DATA UNDER STUDY:
===============
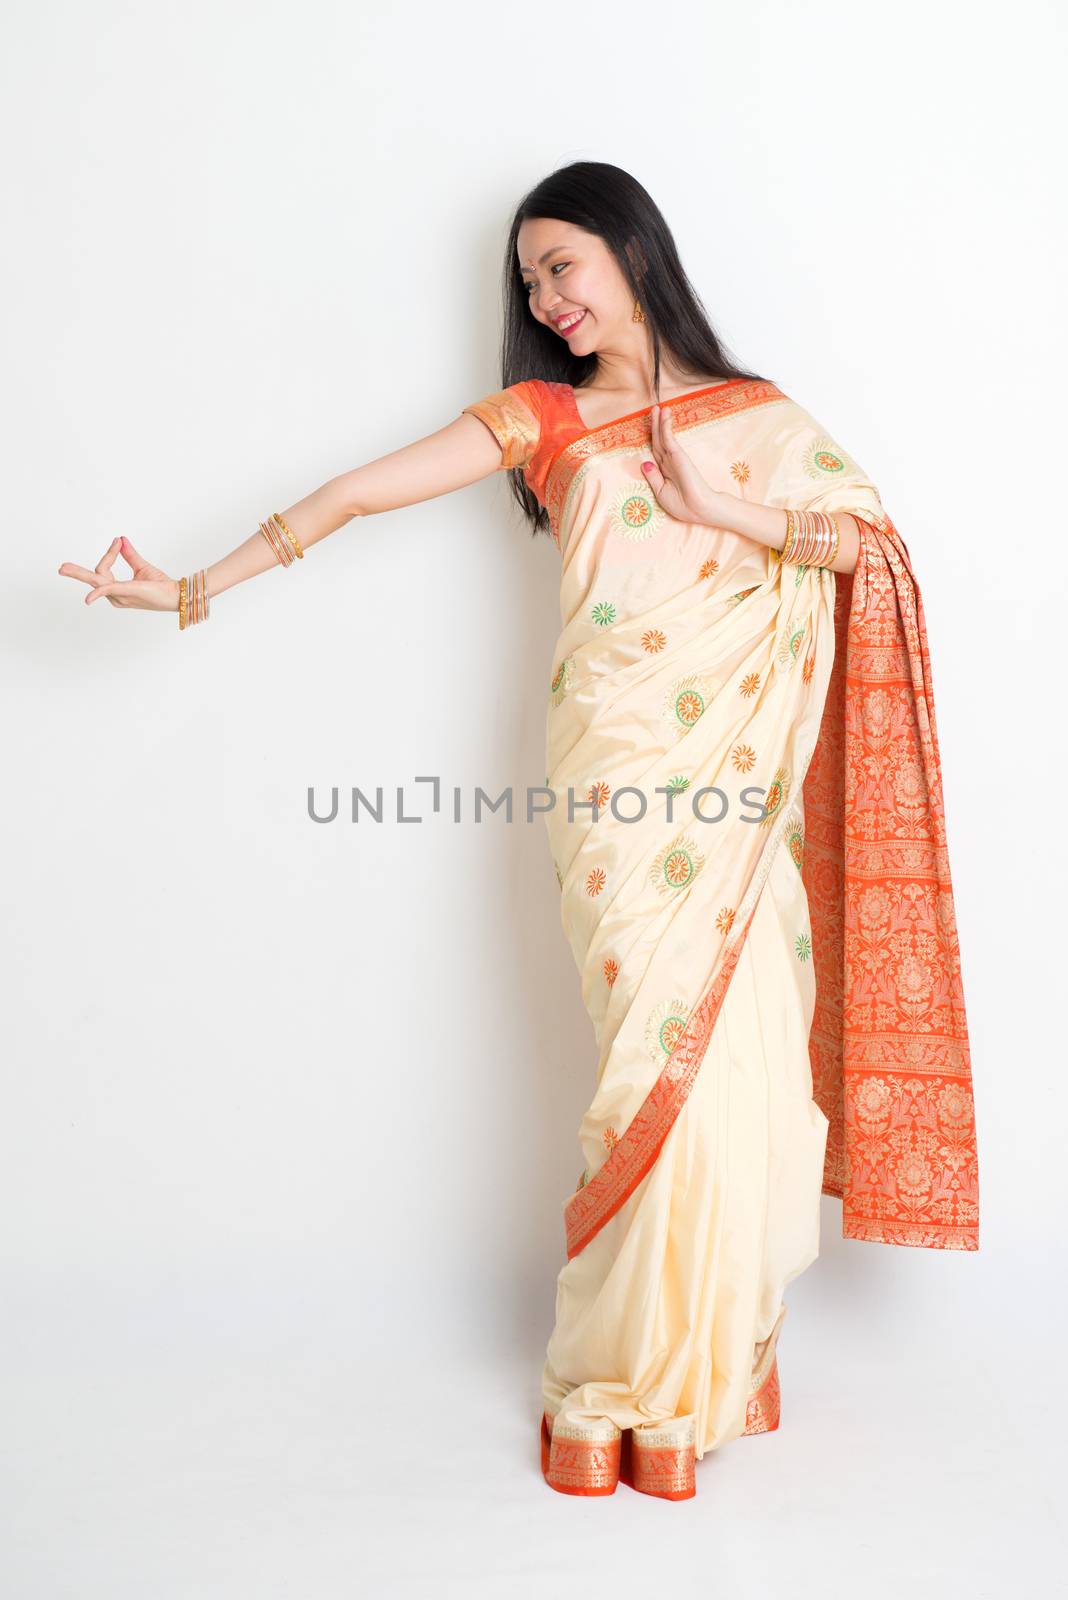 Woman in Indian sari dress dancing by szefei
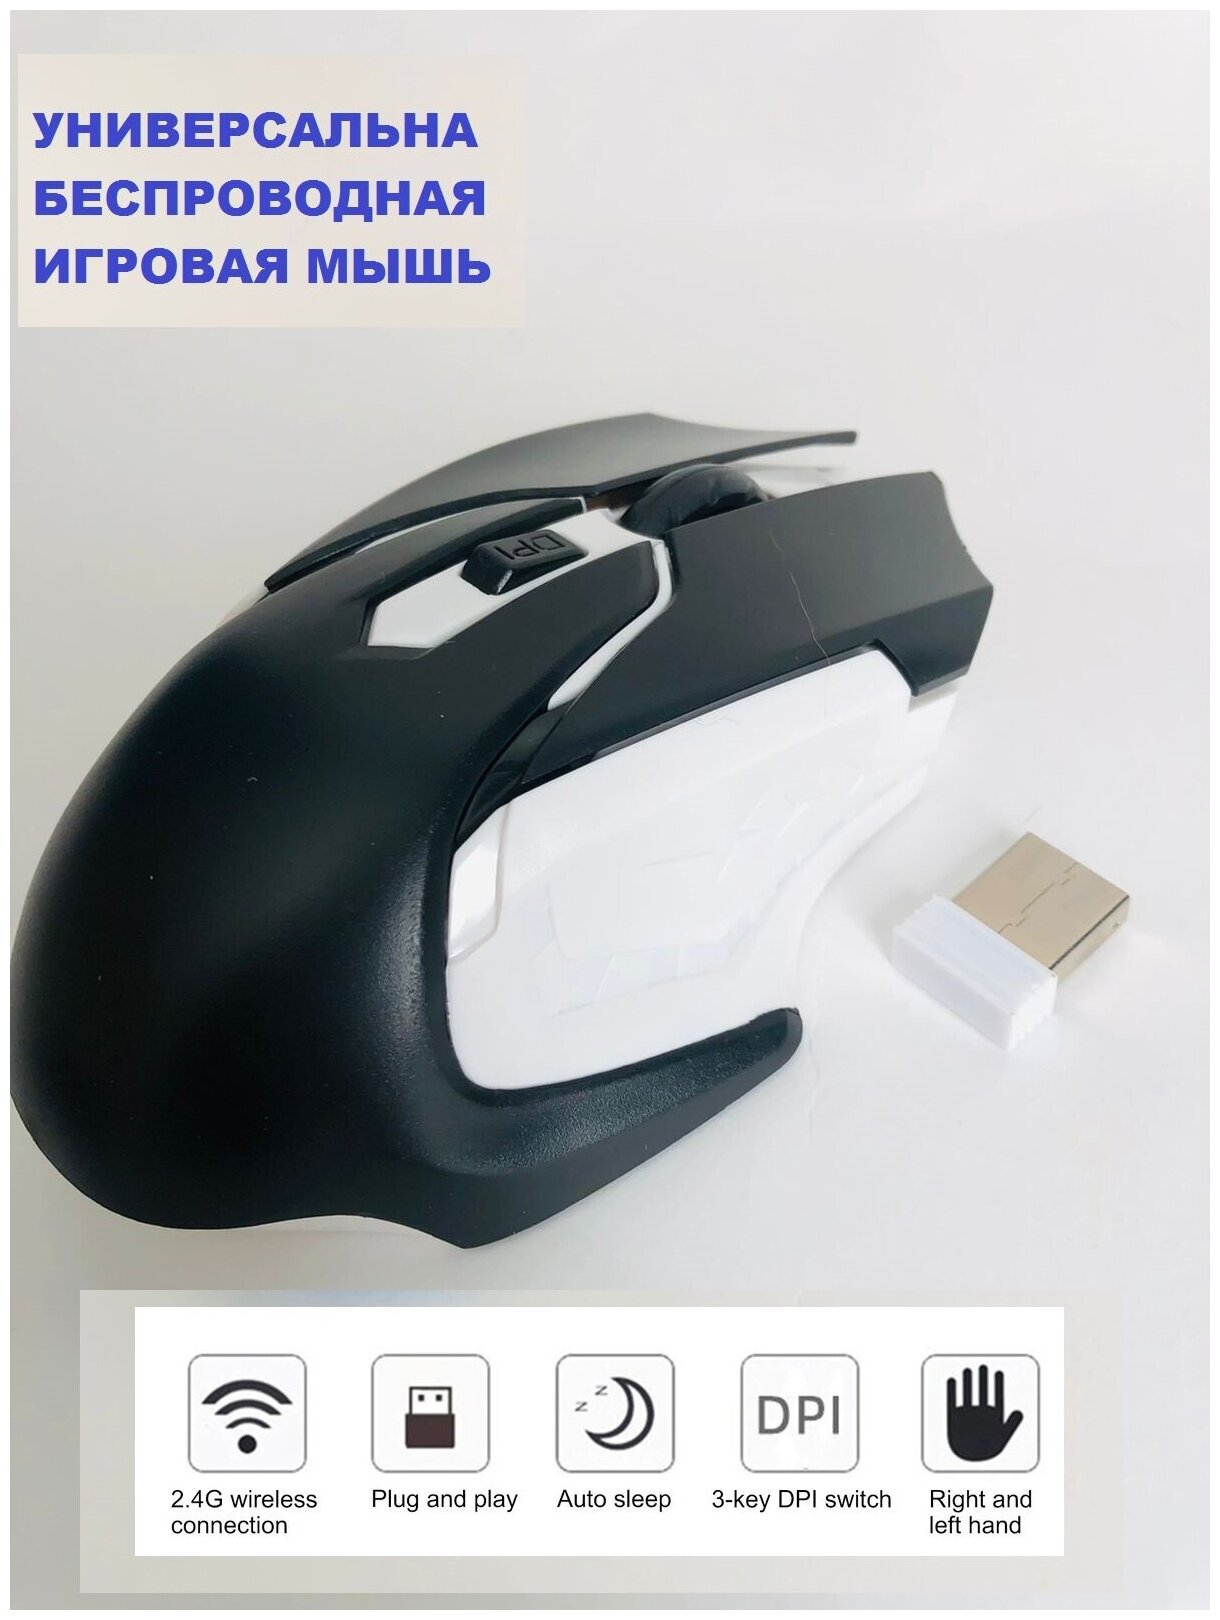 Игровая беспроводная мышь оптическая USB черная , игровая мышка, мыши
===============
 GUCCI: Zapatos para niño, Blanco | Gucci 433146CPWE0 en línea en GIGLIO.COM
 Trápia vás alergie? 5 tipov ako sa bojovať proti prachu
===============
AIM OF THE EXERCISE: From the listing above, repeat only the lines between the line containing "Woman in Indian sari dress dancing by szefei" and the line containing "Игровая беспроводная мышь", those two included. Pictures are not part of the copy.

TASK ANSWER:
 Woman in Indian sari dress dancing by szefei
 Игровая беспроводная мышь оптическая USB черная , игровая мышка, мыши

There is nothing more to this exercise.